The source dataset used will depend on each company, this could be solely the TR domain or you may merge TU with TR (SDTM inputs) to get additional data variables or to ensure that you’re processing the same lesions as collected.

Individual lesion diameters for each target lesion is required to calculate the sum of diameters for all target lesions, this data could be taken directly from TR or additional parameters could be created in ADTR (or similar) depending on the additional processing required (e.g. imputation of dates, re-labeling of visits) and your company specifications.

The majority of the functions used here exist from admiral.

Note: All examples assume CDISC SDTM and/or ADaM format as input unless otherwise specified.

Required Packages

The examples of this vignette require the following packages.

Programming Workflow

Read in Data

To start, all data frames needed for the creation of ADTR should be read into the environment. This will be a company specific process. Some of the data frames needed may be ADSL, ADRS ,RS, TU, TR, SUPPTU SUPPTR.

For example purposes, the SDTM and ADaM datasets (based on CDISC Pilot test data)—which are included in pharmaversesdtm and pharmaverseadam—are used. Also, see Handling of Missing Values explains why we need to use the convert_blanks_to_na() function.

On the TR domain we filter on where tumor assessment short name TRTESTCD is "LDIAM" or "LPERP". Depending on your data collection standards you may need to update the code to filter on TRTESTCD == "DIAMETER". If this is the case then the template code where we derive parameters for lesions diameters should be updated accordingly.

data("adsl")
data("adrs_onco")
data("rs_onco_recist")
data("tu_onco_recist")
data("tr_onco_recist")
adrs <- adrs_onco
tu <- tu_onco_recist
tr <- tr_onco_recist
rs <- rs_onco_recist

tu <- convert_blanks_to_na(tu) %>%
  filter(TUEVAL == "INVESTIGATOR")
tr <- convert_blanks_to_na(tr) %>%
  filter(
    TREVAL == "INVESTIGATOR" & TRGRPID == "TARGET" & TRTESTCD %in% c("LDIAM", "LPERP")
  )
rs <- convert_blanks_to_na(rs)

At this step, it may be useful to join ADSL to your TR domain. For efficiency, only the ADSL variables (in this example, Randomization date (RANDDT) used for derivations are selected at this step. The rest of the relevant ADSL variables would be added later.

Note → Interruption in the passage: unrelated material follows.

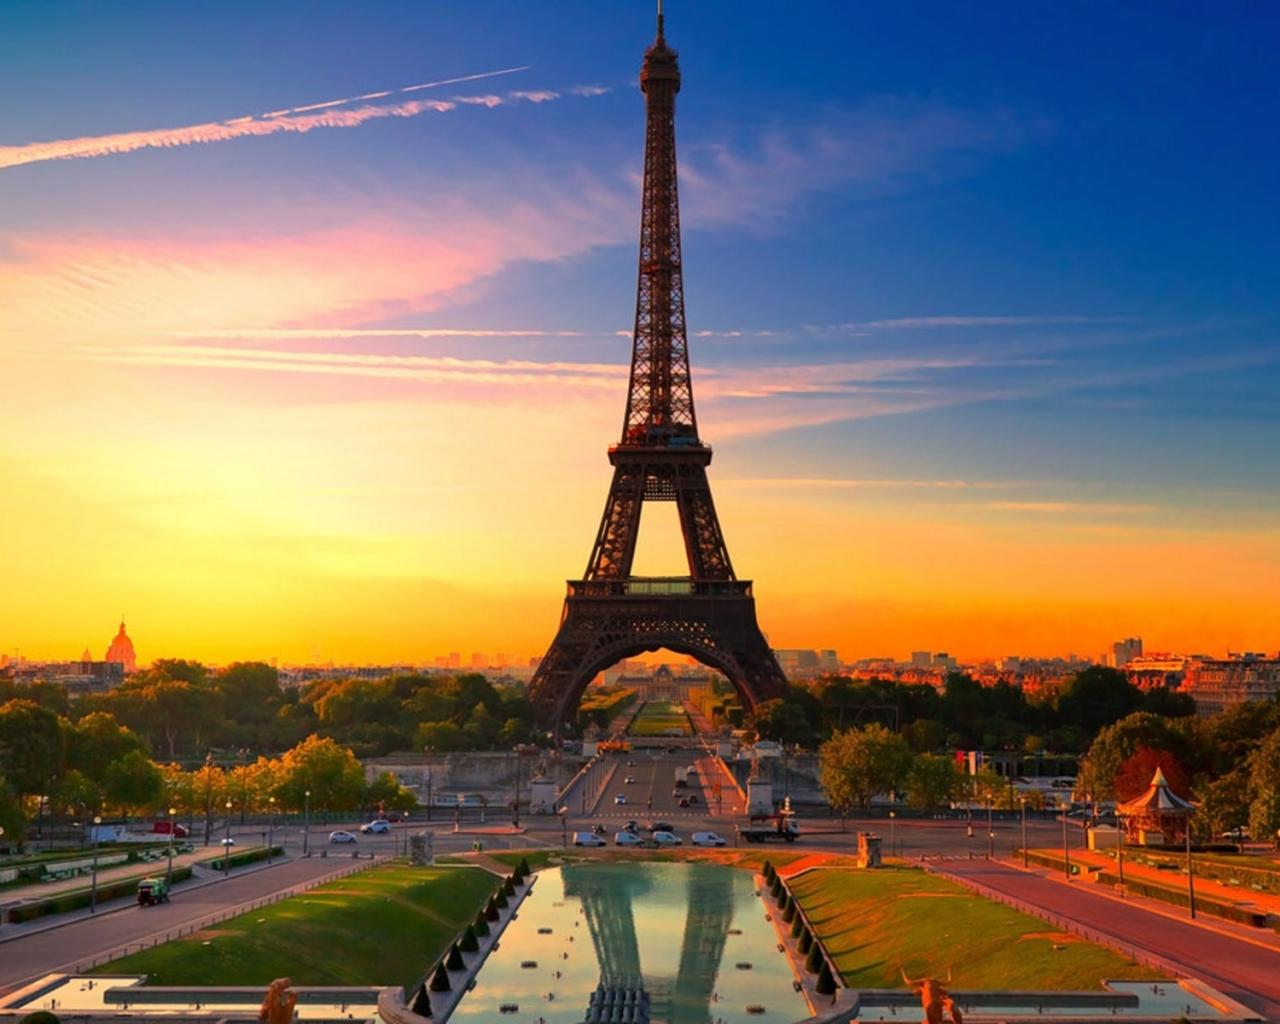 La torre Eiffel al atardecer - 1280x1024

adsl_vars <- exprs(RANDDT)
tr <- derive_vars_merged(
  tr,
  dataset_add = adsl,
  new_vars = adsl_vars,
  by_vars = exprs(STUDYID, USUBJID)
)

Merge TR with TU and Derive New Variables

Depending on your company specifications you may want to merge TU with TR. At this point if you require any new variables these could be added in this step. As an example, here we are keeping the tumor location (TULOC), and deriving a new variable for the tumor group site (TULOCGR1).

tr <- derive_vars_merged(
  tr,
  dataset_add = tu,
  new_vars = exprs(TULOC),
  by_vars = exprs(STUDYID, USUBJID, TRLNKID = TULNKID)
) %>% mutate(
  TULOCGR1 = if_else(
    TULOC == "LYMPH NODE",
    "NODAL",
    "NON-NODAL"
  )
)

Furthermore, you could create additional new variables that are required downstream when deriving the required parameters. For example, here we include lesion ID expected (LSEXP) and lesion ID assessed (LSASS).

tr <- mutate(
  tr,
  LSEXP = TRLNKID,
  LSASS = if_else(!is.na(TRSTRESN), TRLNKID, NA_character_)
)

Pre-processing of Input Records

The next step involves company-specific pre-processing of records required downstream prior to the parameter derivations, to ensure that all the associated variable processing is done once before any new parameters are derived.

In order to calculate the sum of diameter of lesions, we need to ensure that lesions are grouped correctly, how this is done will be based on your company specifications but individual lesions sizes could be grouped either by using the analysis date ADT or visit AVISIT. This is to ensure that each lesion size is only counted once.

Below are some considerations depending on your analysis.

Partial Date Imputation and Deriving ADT, ADTF, AVISIT etc

If your data collection allows for partial dates, you could apply a company-specific imputation rule when deriving the analysis date ADT (you could also add further code to handle missing ADT, if this is a consideration).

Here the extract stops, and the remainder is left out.